Рубин эмира бухарского - Марк Казанин
Шрифт:
Интервал:
Закладка:
У нее перехватило горло.
Впервые из-за маски выглянул живой, и притом страдающий человек. «Может быть, она и в самом деле не такая плохая, – мелькнуло у меня, – и все это кривляние и ломание только результат дурного воспитания, и вообще делятся ли люди на хороших и плохих, или все люди родятся хорошими, а потом часть портится?» Но на все эти размышления не было времени, более неотложная мысль оттеснила их. «Итак, у нее сестер нет. Значит, Люси писала не ей. Ну что ж, отпадает».
Как бы угадав направление моих последних мыслей, Юля сама вернулась к вопросу о языках.
– Но вы ведь тоже говорите по-французски, почему же не отвечаете, monsieur l'hermite, господин отшельник?
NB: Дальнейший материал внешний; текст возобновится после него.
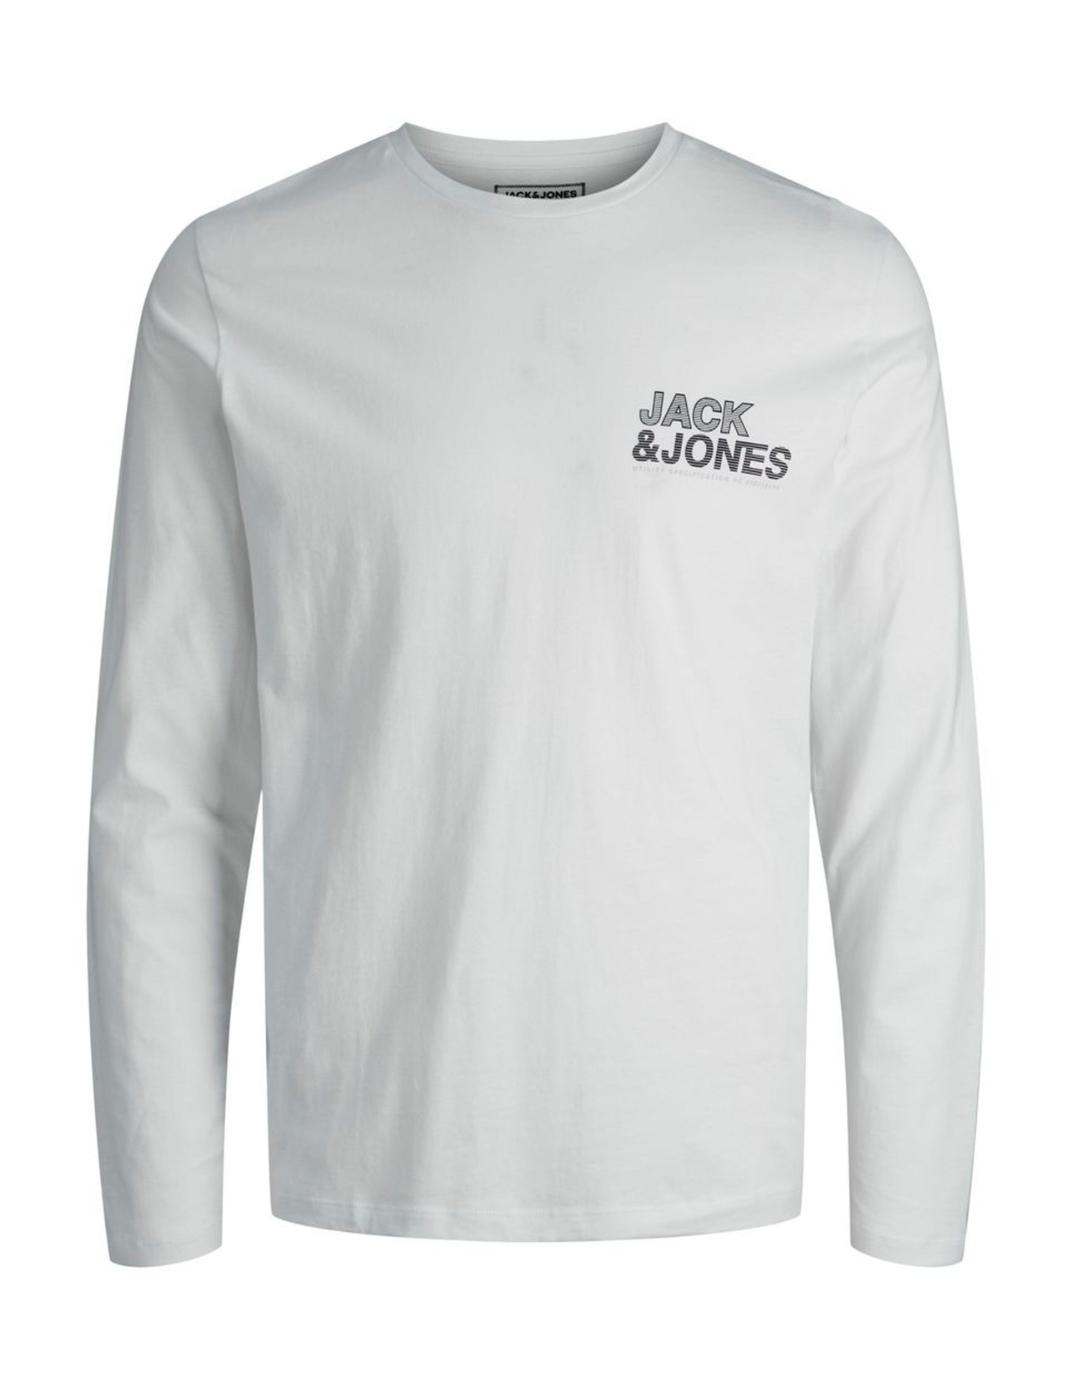 Camiseta Jack-Jones manga larga blanca de hombre-z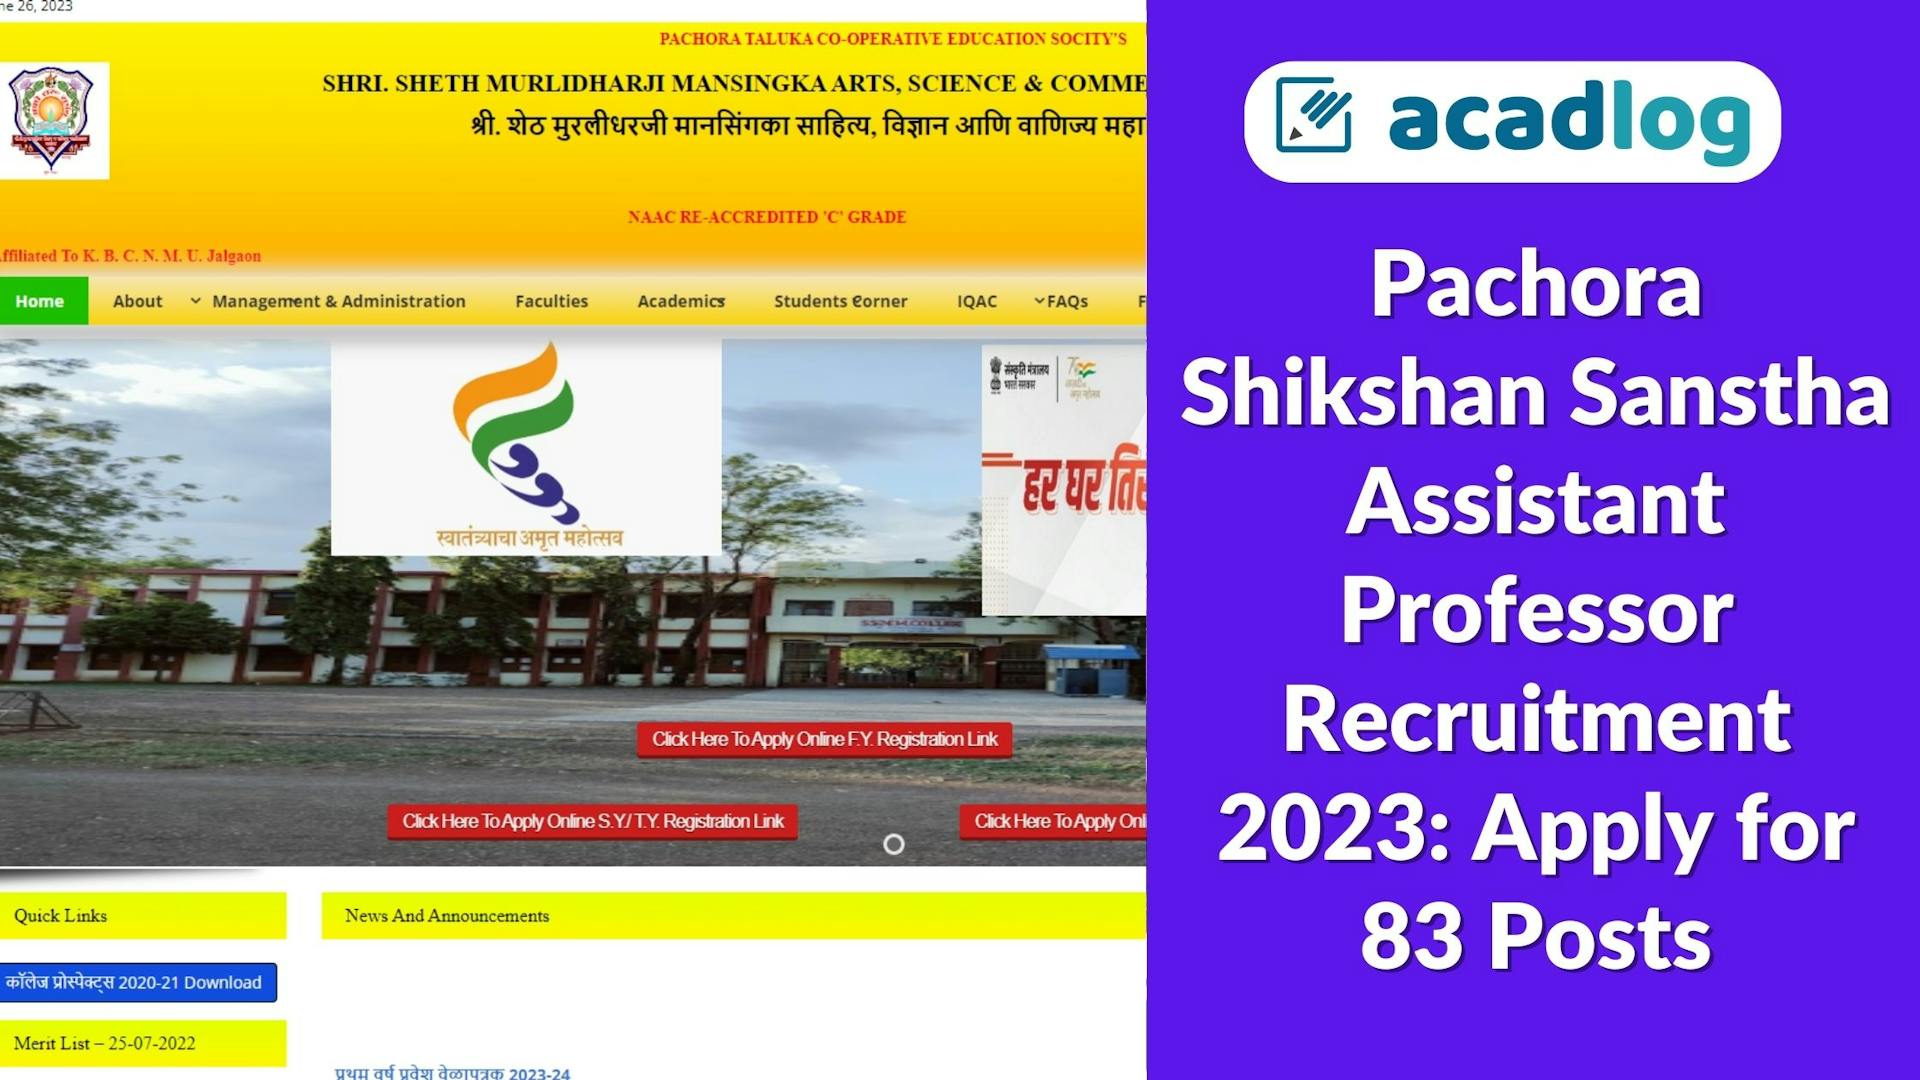 Pachora Shikshan Sanstha Assistant Professor Recruitment 2023: Apply for 83 Posts

Я знал английский и немецкий, но французского не знал. Так и ответил.
– Жаль, – с оттенком пренебрежения бросила она, – а вот Борис неплохо болтает.
Во мне колыхнулась мимолетно возникшая когда-то зависть к Борису.
– Ну расскажите, monsieur Глеб, как вы живете там один? Или не один? У вас, наверное, есть дама сердца, вы скрываете. – Она погрозила мне пальцем.
Юля вернулась в прежнее свое состояние. Кате, как видно, было стыдно за Юлю, но ей не хотелось делать замечание старшей.
Что-то вынужденное, напряженное появилось в глазах Юли. Казалось, она что-то вспомнила и говорила, как автомат:
– Во всяком случае, мы с Катишь приедем проверить. Поедем, Катишь? И на днях.
Что это: бестактность или заученный урок? Хочет сунуть нос в макбару или в наш лагерь и прикрывается Катей? Ну, увидим. По крайней мере мы предупреждены.
– А как там Борис? Вы, наверно, вместе проказничаете. Передайте ему… – Уже уходя, она послала воздушный поцелуй. – Так мы приедем, ждите нас. Оревуар.
Глава VII ПРОИСШЕСТВИЕ В МАКБАРЕ
1На некоторое время грек выпал из моего поля зрения, но очень скоро мне пришлось встретиться с ним, и в довольно неожиданной обстановке. Однажды приехал Рустам с целой кавалькадой с седобородым аксакалом во главе. Люди стояли снаружи и не входили. По знаку Рустама я вышел к ним. Оказывается, они пришли звать меня на той – празднество – по случаю выздоровления и возвращения домой Хассана.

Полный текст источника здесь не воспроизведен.